We still have not heard whether we are out of the running for the precious twins due to arrive around Christmas. It has been over two months since we learned we were being considered by this birthmother. Last week, an agency Social Worker checked in with us and I boldly allowed myself to ask a few questions. It was clarified that the babies are actually due mid January, but as twins rarely go full term, they are estimating a late December arrival. This piece of info has helped immensely with my expectations around when birthmother may make a decision as I originally believed that her due date was Christmas and anticipated babies would arrive late November.
I also learned that birthmother feels that she will be able to select a family from the five original profiles she was given.
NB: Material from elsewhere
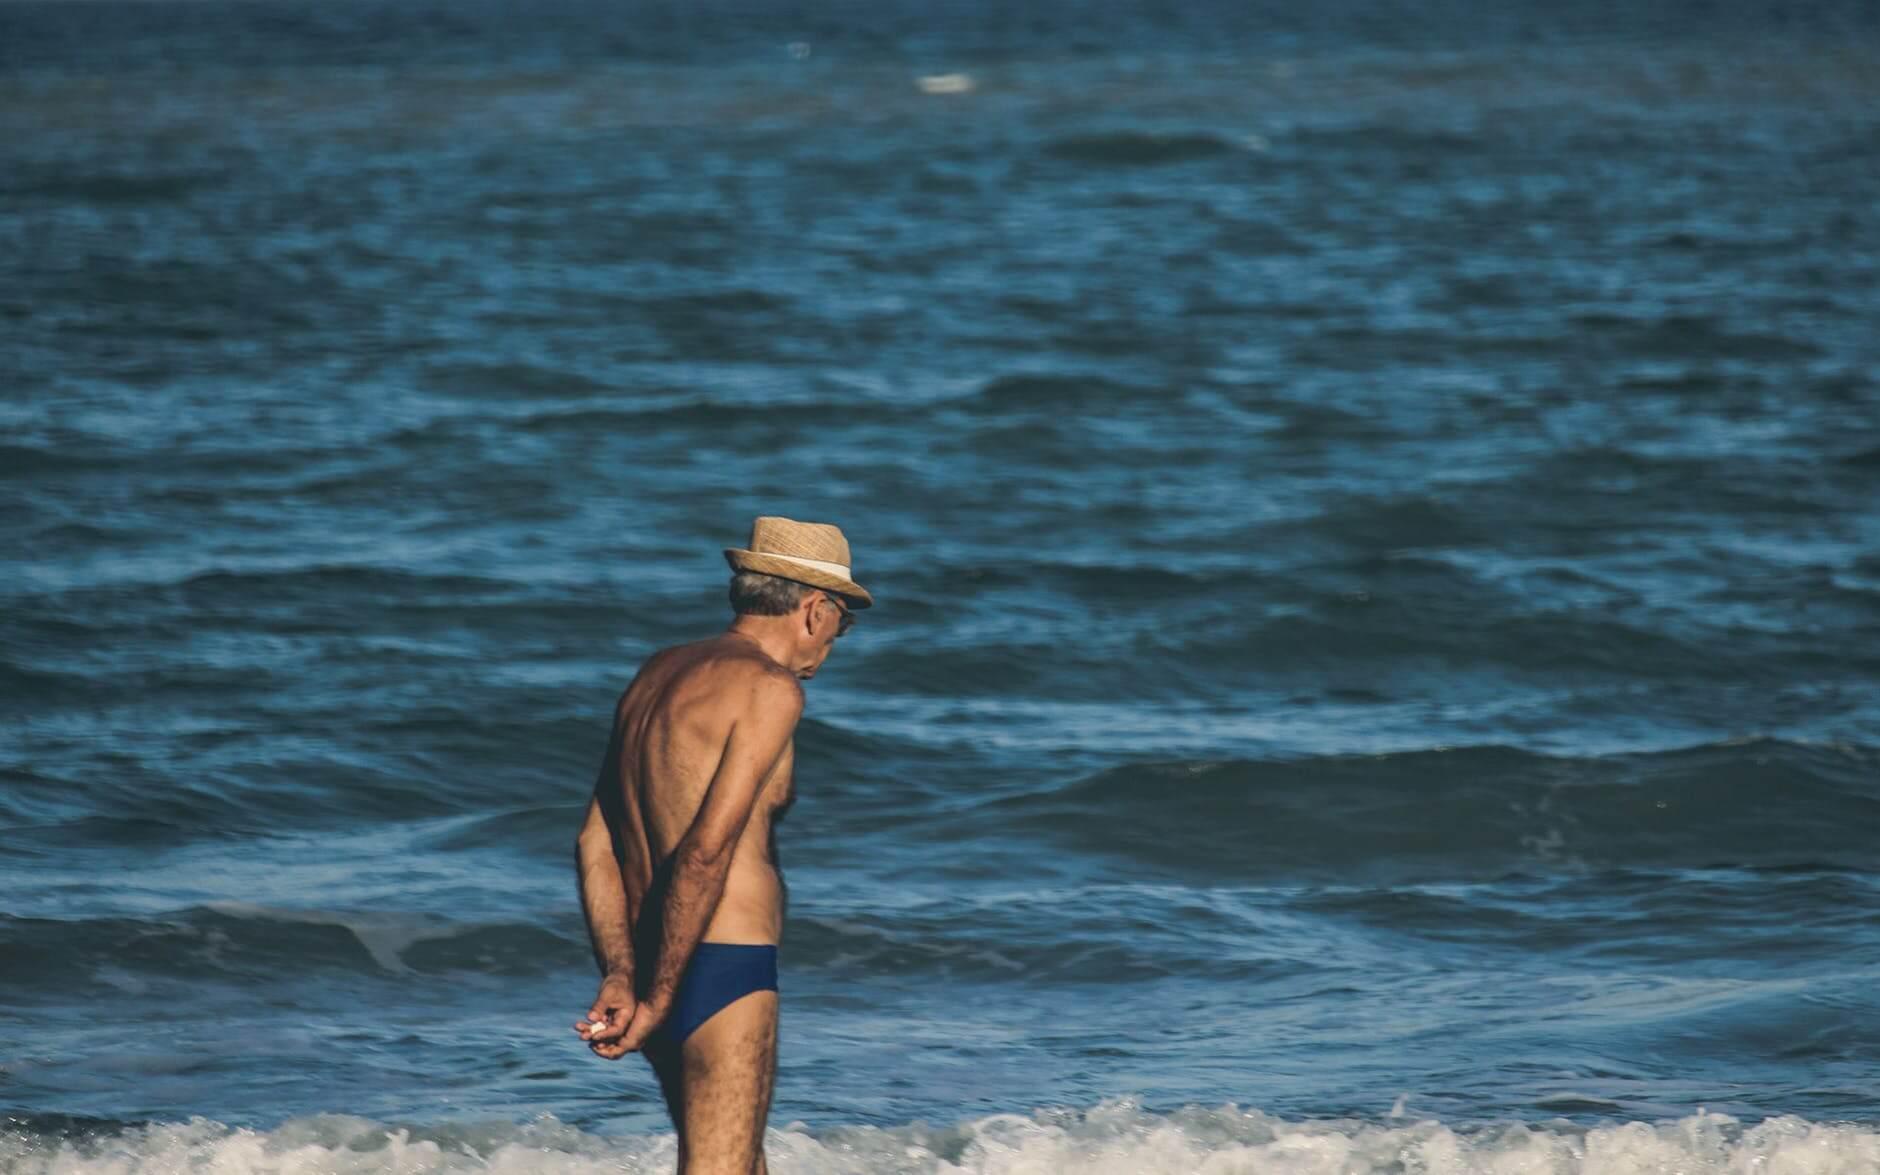 Istraživanje trajalo 40 godina: Pronašli su čudnu vezu između sporijeg hodanja i bržeg starenja
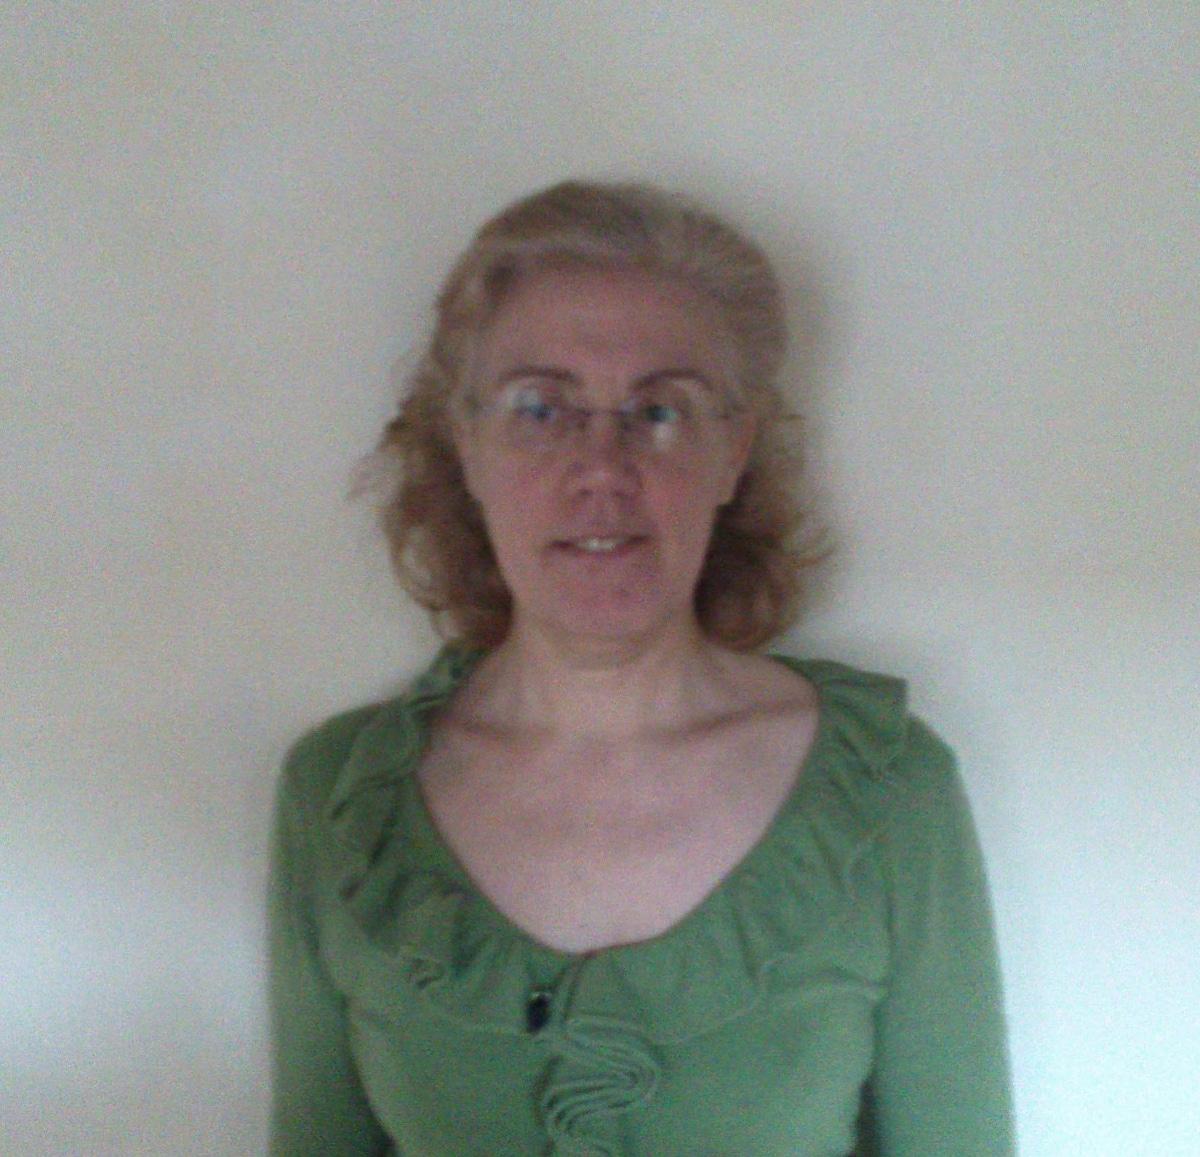 Marleen From Londerzeel, Belgium

I was not brave enough to ask whether birthmother has requested to view any home studies. Honestly, after coming so close in May, I would rather not know how close we get to being chosen. I feel it adds to the heartbreak when we aren’t selected. In addition, we learned our agency has not made a single placement in the past month and recently updated their expected wait times for potential adoptive families to an average of 3 to 4 years. We have not even made it to the two years of waiting marker yet and understand that if we are not chosen this time, we likely have years ahead of us before being matched.
So, I’ve managed to check my phone far less the last two weeks but I still think of birthmother and her growing little ones multiple times per day. It doesn’t help that a gal I work with announced she is expecting twins this week after one round of Clomid.
Hubby and I still haven’t shared that this birthmother is expecting twins with anyone except for one close friend. I have a strange fantasy of re-creating a video that made the rounds on social media where new parents surprised their family with twins when they told everyone they were expecting just one. Infertility has taken so much magic out of growing our family and it would be so incredible to have a moment like that.
My feelings about our current limbo change daily if not hourly. Some moments I allow myself to be hopeful. Other moments I convince myself our odds are slim and anticipate how I will take care of myself in grief around the holidays. I have no idea when we will get our next update but I sure hope it’s soon. Limbo is hard.